# Litterbox



## mintchip (Apr 19, 2007)

Just wondering......has anyone else litterbox trainned their Hav?


----------



## ama0722 (Nov 28, 2006)

We didn't do it with the havanese but did with the maltese. Then we undid it when we bought a house with a privacy fence!

Amanda


----------



## LuvMyHavanese (Apr 13, 2007)

My 6 year old Dreamer, came to me litter box trained & she helped teach Tripp to use it. He used to go on the floor in front of it & at times played with it, be he eventually got the hang of it. They ONLY use it when we are not home or at night when they are in the ex-pen. Otherwise we go outside, even in bad weather.
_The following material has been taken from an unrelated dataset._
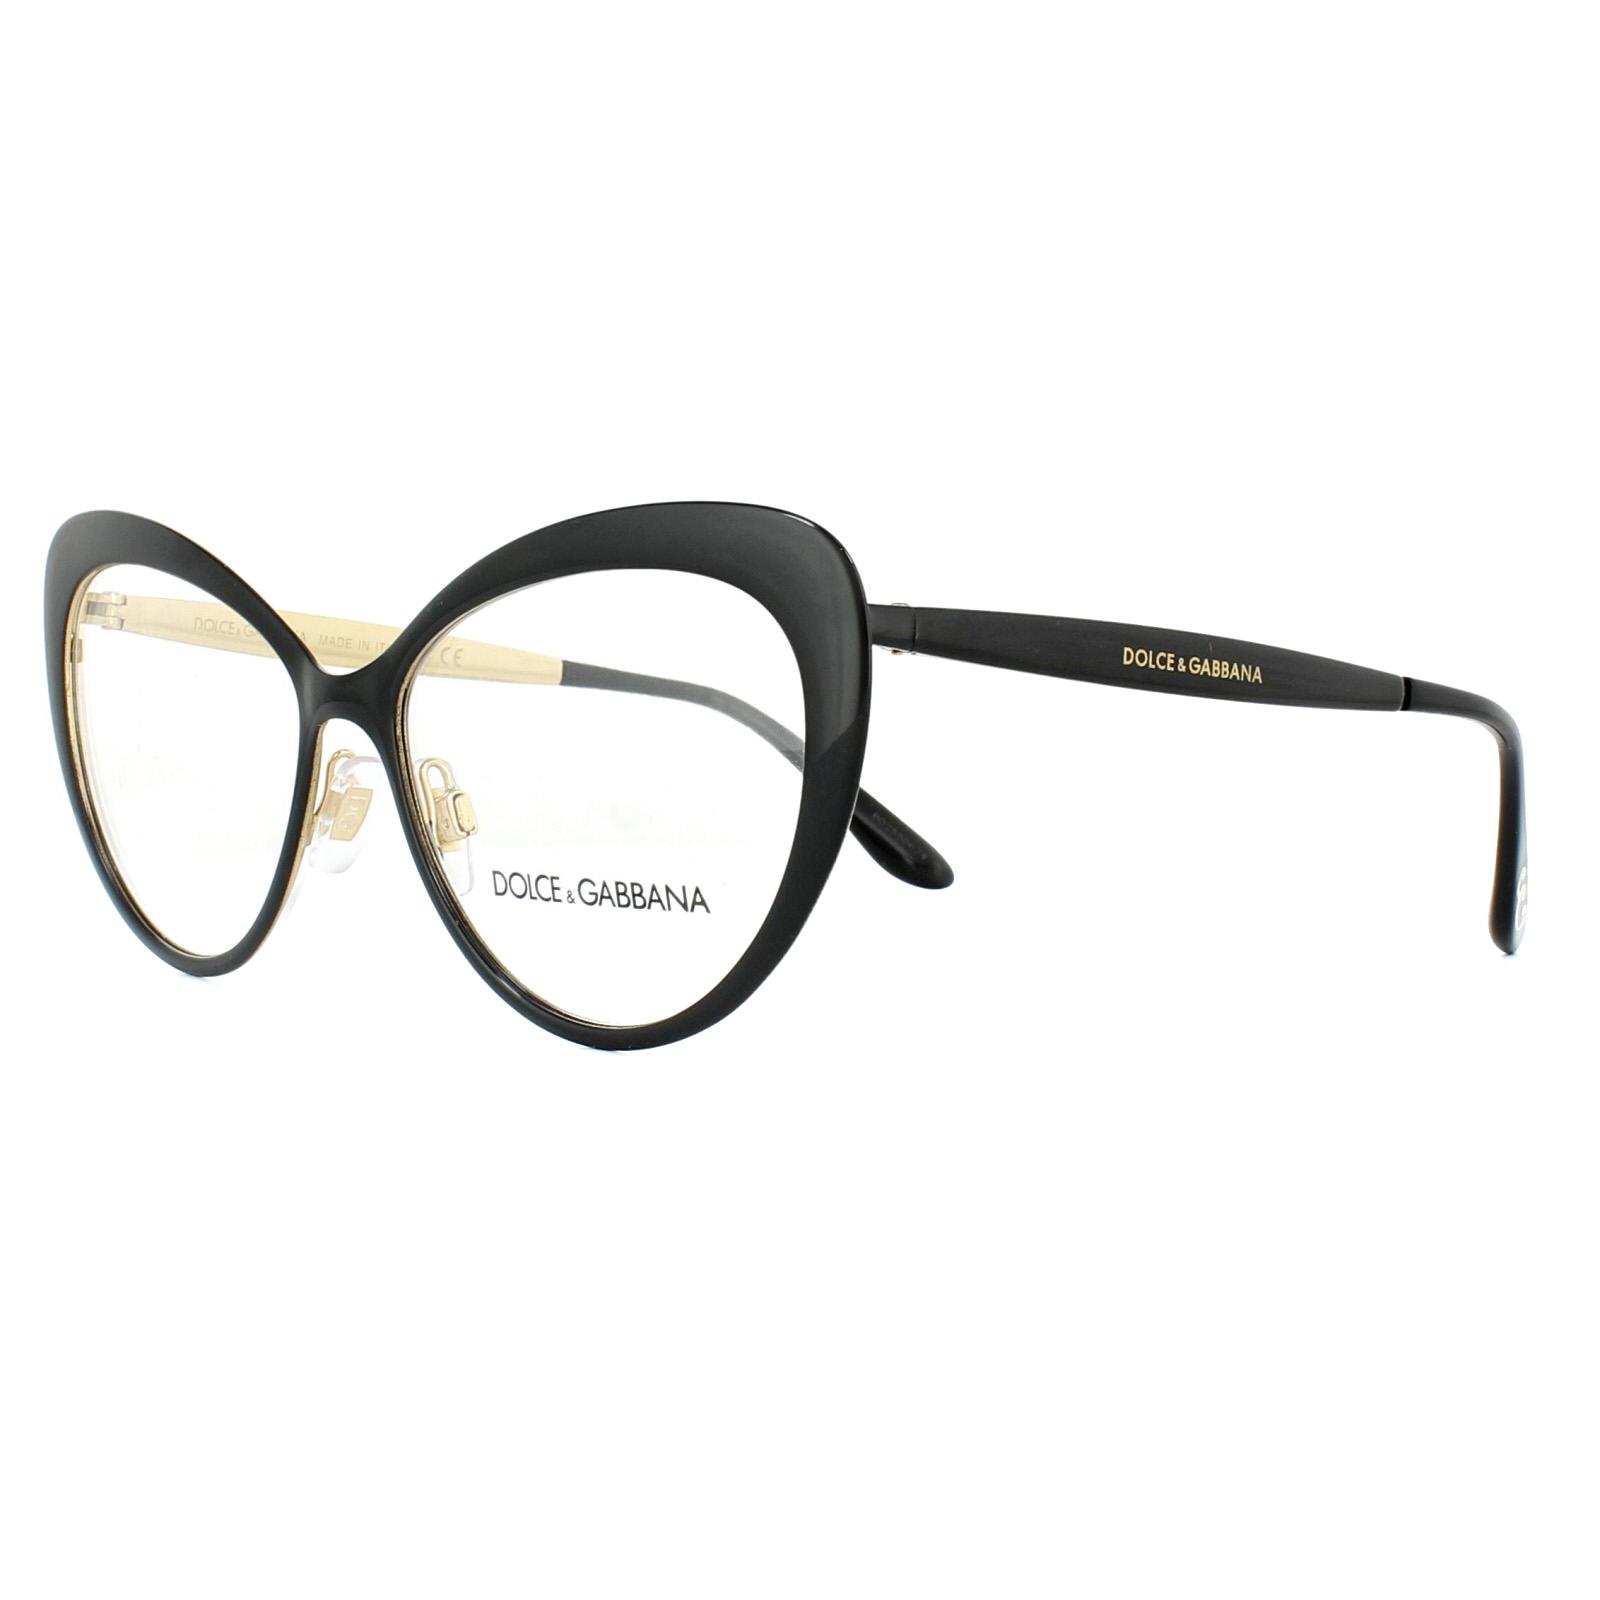 1c885c9f3ee Sentinel Dolce   Gabbana Glasses Frames DG 1294 01 Black Gold 54mm Womens.  Sentinel Thumbnail 2

Of course, Dreamer will try & outlast the rain.


----------



## Missy (Nov 6, 2006)

We don't use an actual litterbox with litter- but we have a potty room- which is a sectioned off area in our garage that the boys access through a doggy door - we have set up trays with pee pads. My oldest Jasper now only goes out there in emergecnies- he prefers to go outside and we honor that when ever we can. the little one Cash still uses it quite a bit- but will also go outside when we ask him to. We originally put this room together because I had read that this breed was hard to house train. and that I knew there would be a day here and there that neither of us could get home for 9 or 10 hours and that little dogs can't hold it. Well Jassy has held it for 25 hours (ouch) when he didn't like the snow, but also didn't want to use the room... and both boys are pretty much house trained. We have a bit more work to do with Cash. And, well, pet stores are another story- both boys feel it is fine to go in pet stores.


----------



## LuvMyHavanese (Apr 13, 2007)

I did not think it was possible for a small dog to hold their urine for that long!!

I tried to switch to pee pads but they were messy! Litter, i found worked much better for us. It soaks it up, keeps it contained & does not smell.


----------



## Tom King (Aug 2, 2006)

We start all ours on it and have since it first came out. See my pictures in the Gallery. We have a system for starting them as soon as they can toddle.

The puppies leave here with their new owners who have a piddle pad folded up with litter in it. If the trip home is a long one, the pad can be unfolded on the floor of the car and the puppy placed on it. So far everyone who has done this has said that it worked every time.

It's easy to transition from litter to anything else and even helps if you want to train the pup to go in one place in the yard. Just pup a handful of litter where you want them to go.


----------



## marjrc (Jan 13, 2007)

*Missy wrote: "And, well, pet stores are another story- both boys feel it is fine to go in pet stores."*

*** Yaaaaayyy!! They are protesting the sale of pet store pups, just like we are!! Way to go Cash and Jas!!!


----------